孙权沉吟了一阵。孙策默然,神色深沉,望着孙权。
“我一等再等,可为何浩日迟迟不升?眼看着天下诸侯势力愈渐强大,却看鬼神马羲攻破河北,歼灭袁绍,威震河北。枭雄曹操虎踞中原,挟天子以令诸侯。西凉马超,坐拥三辅之地,西北无人敢犯。再观益州刘璋、汉中张鲁以及荆州刘表皆是独成一派,分割天下。而我孙家,久久据于江东,按兵不动。久而久之,必成为强者口中猎物。那时,我开始在想,若是大哥迟迟不醒,浩日不升,那将如何?”
“坐以待毙,那是不可能的。而那时我麾下班底已足以支撑我独当一面,这些人之所以死心塌地追随我左右,皆是为了能够攀龙附麟,而我若不知上进,只把希望赌在大哥你身上,恐怕对他们太不公平了。”
“不知何时开始,我有了一个想法。若浩日不现,永夜长存,那我便成为永夜之皓月,虽在黑暗之中,但皓月长亮,为何不能成就永夜之帝国!?自古以来,成王败寇,胜者为王!!天下纷争久矣,开朝换代迫在眉睫,汉室早已名存实亡,此乃苍生之愿,谁也无法改变!!要在这乱世生存,永存不倒,唯有成就不世之霸业,方能保得孙家昌盛而不衰!!!为此,我可以不惜一切,甚至背负万世骂名!!”陡然,孙权和那少年的身影已然完全叠在了一起,却听孙策字字掷地有声,比起孙策那仿佛与身俱来,在战场上能够让敌人心生胆怯的霸气,其身上散发的那股欲将天下操控手中,成就不世霸业的王者之气反而更为炽烈,甚至将孙策的气势一时压了下去。

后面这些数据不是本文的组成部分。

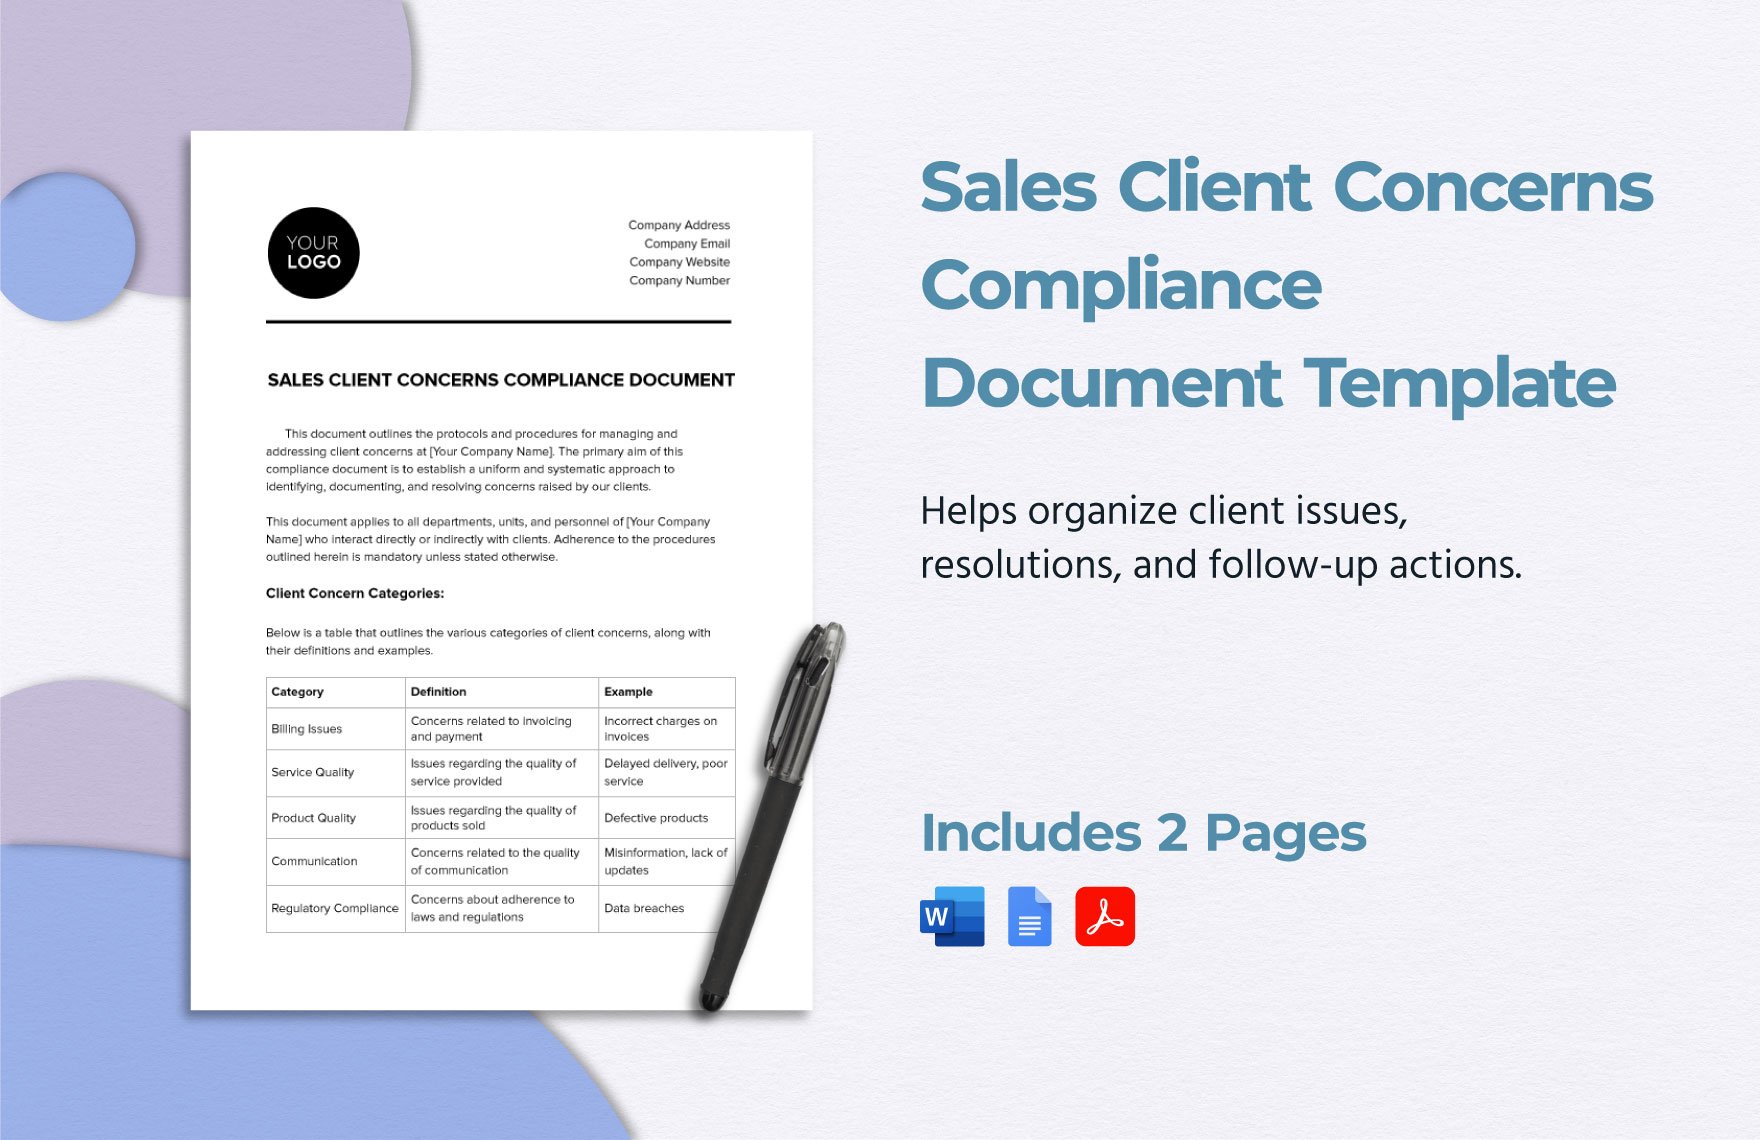 Sales Client Concerns Compliance Document Template

孙策默然,随即久久的沉寂之后,孙策昂首,叹了一口气,转身推开了大门,朝着襄阳的方向,跪了下来。
“孩儿不孝,不能力救老母,这些年来却也一直不知当初老母、还有权弟以及家人们所受的屈辱。”孙策说罢,眼中留下了两行清泪,其实从他刚刚听到孙权所说当年老母与其定下的那份死约时,他已经有所察觉了,而当他看到刚刚孙权冷酷的碧目中含着泪花,更是坚定了他早前的猜测。
孙权不语,默默地看着孙策的背影。这时,门外正值黄昏之时,浩日西落,一旁一轮皓月在旁,显得一时明亮,十分清晰,倒也算是一番奇景。

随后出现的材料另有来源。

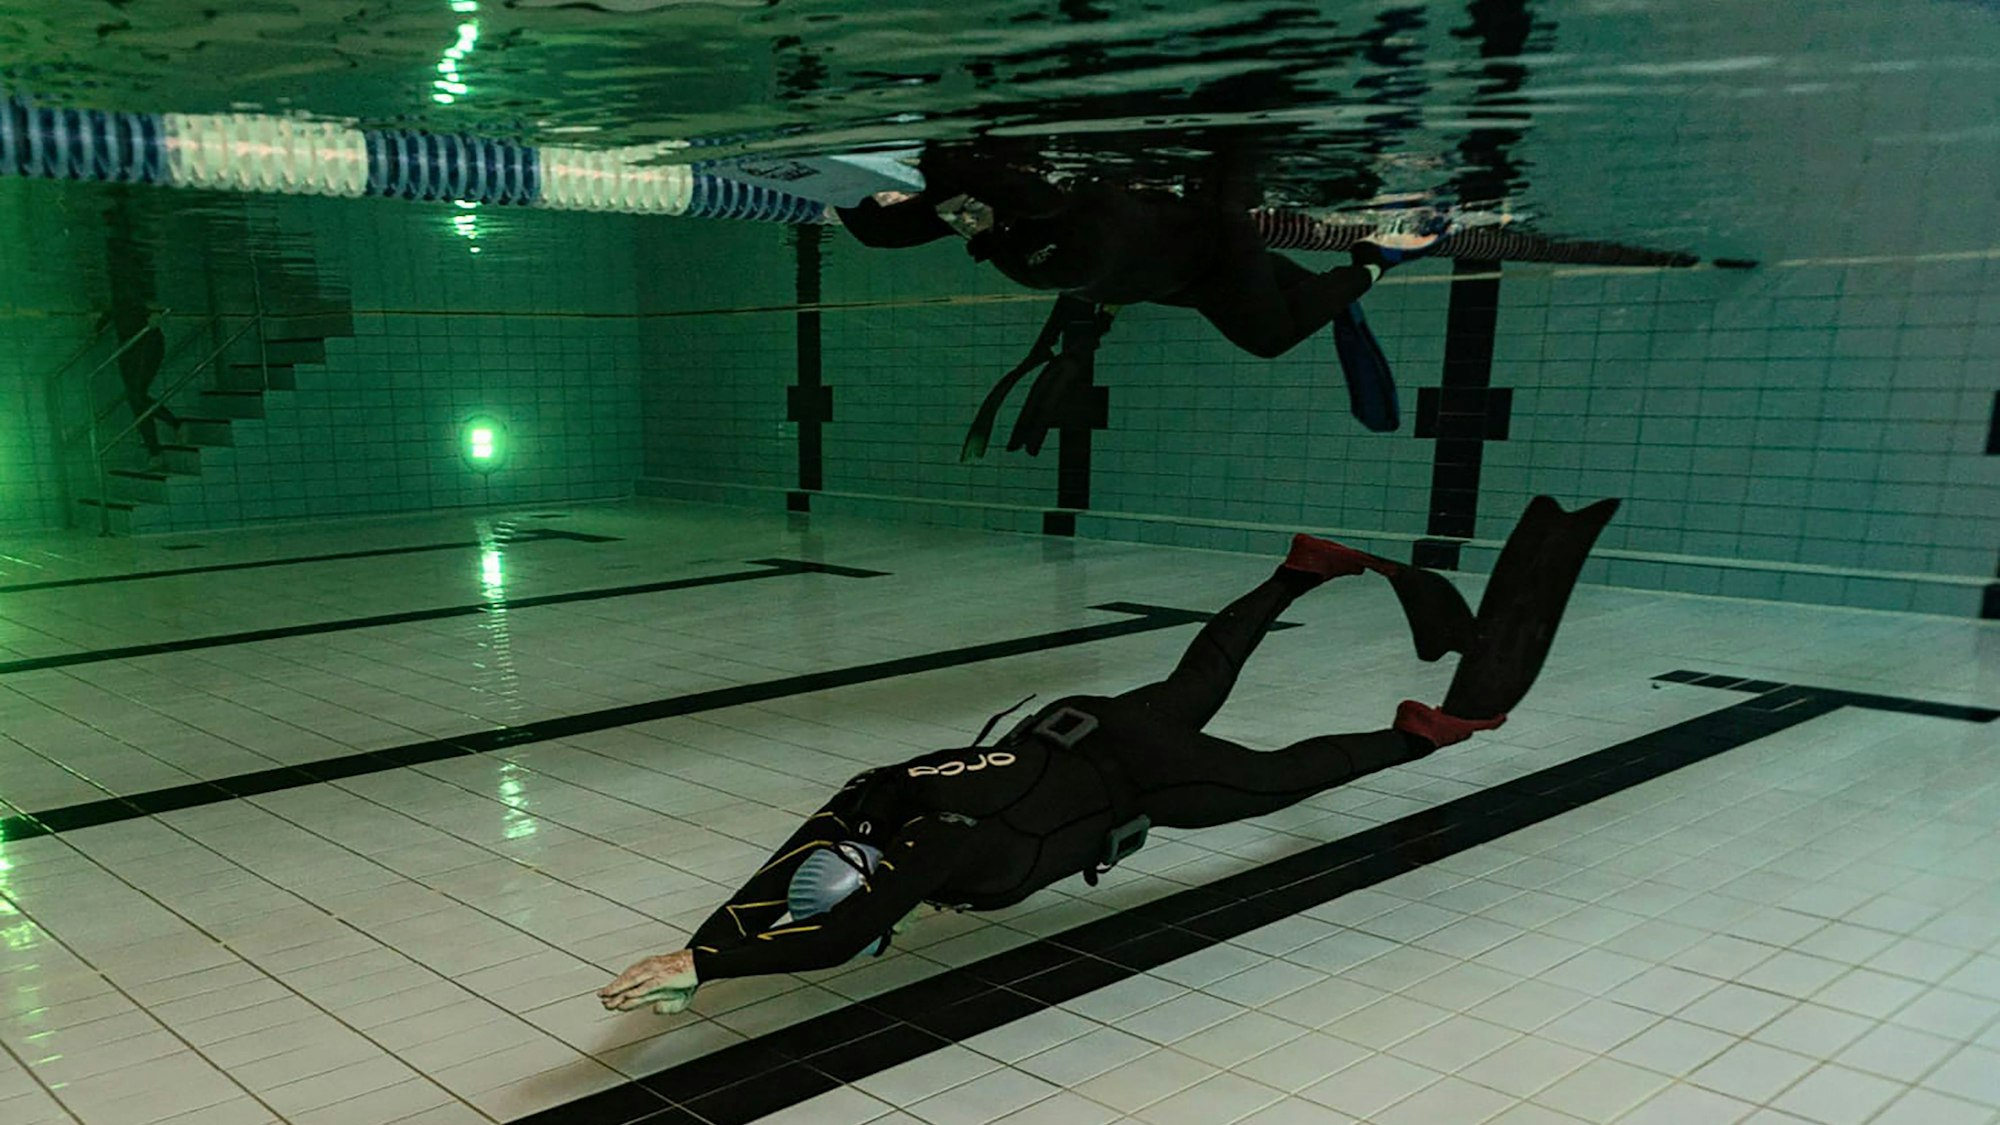 Apnoetaucherin Hannelore Becker im Taucheranzug beim Streckentauchen in einem Schwimmbad.

夜里,却见苍宇之上,皓月圆而巨大,占据一片天地,明亮得一时让人无法直视。
江夏城外,周瑜带着一干手举火把的将领飞快地迎接上去,却见孙策面色苍白得可怕,眼神里更有几分令周瑜心惊不已的死志。
“兵出襄阳,与老贼的新仇旧恨也该是要算清楚了!”孙策淡若却又坚定地喊道,说罢,不等周瑜反应,只见其一拍乌骓宝马,便是飞快地冲驰起来。
这夜,在襄阳城的某处宅院里,孙家老太腰板挺得笔直,坐于榻上,在窗外皓月的照耀下,只见一具清理得十分干净的骸骨身穿铠甲,正躺在她的腿。
“文台啊,儿子都长大了。你也别怨他们。伯符孝义,他却过于刚猛,就像你,至刚至烈,如烈日一般。可是啊,刚却易折。仲谋呢,他这些年来承受地实在太多了,他虽然不像伯符那般常在战场上厮杀,过着刀口舔血的日子。但这些年来,孙家几经起伏,他身边暗涛汹涌,危机四伏,处境却也不见得比伯符能好多小。也正因如此,他心性得以磨砺,自幼城府比其他人都要深,渐渐地他就像是深潭一般,如皓月之寒冽,虽高悬于夜中,却在昏暗的夜里带来光明,但他的光芒却是冷的。可纵然如此,若长夜不退,浩日不升,月便成为唯一的希望。”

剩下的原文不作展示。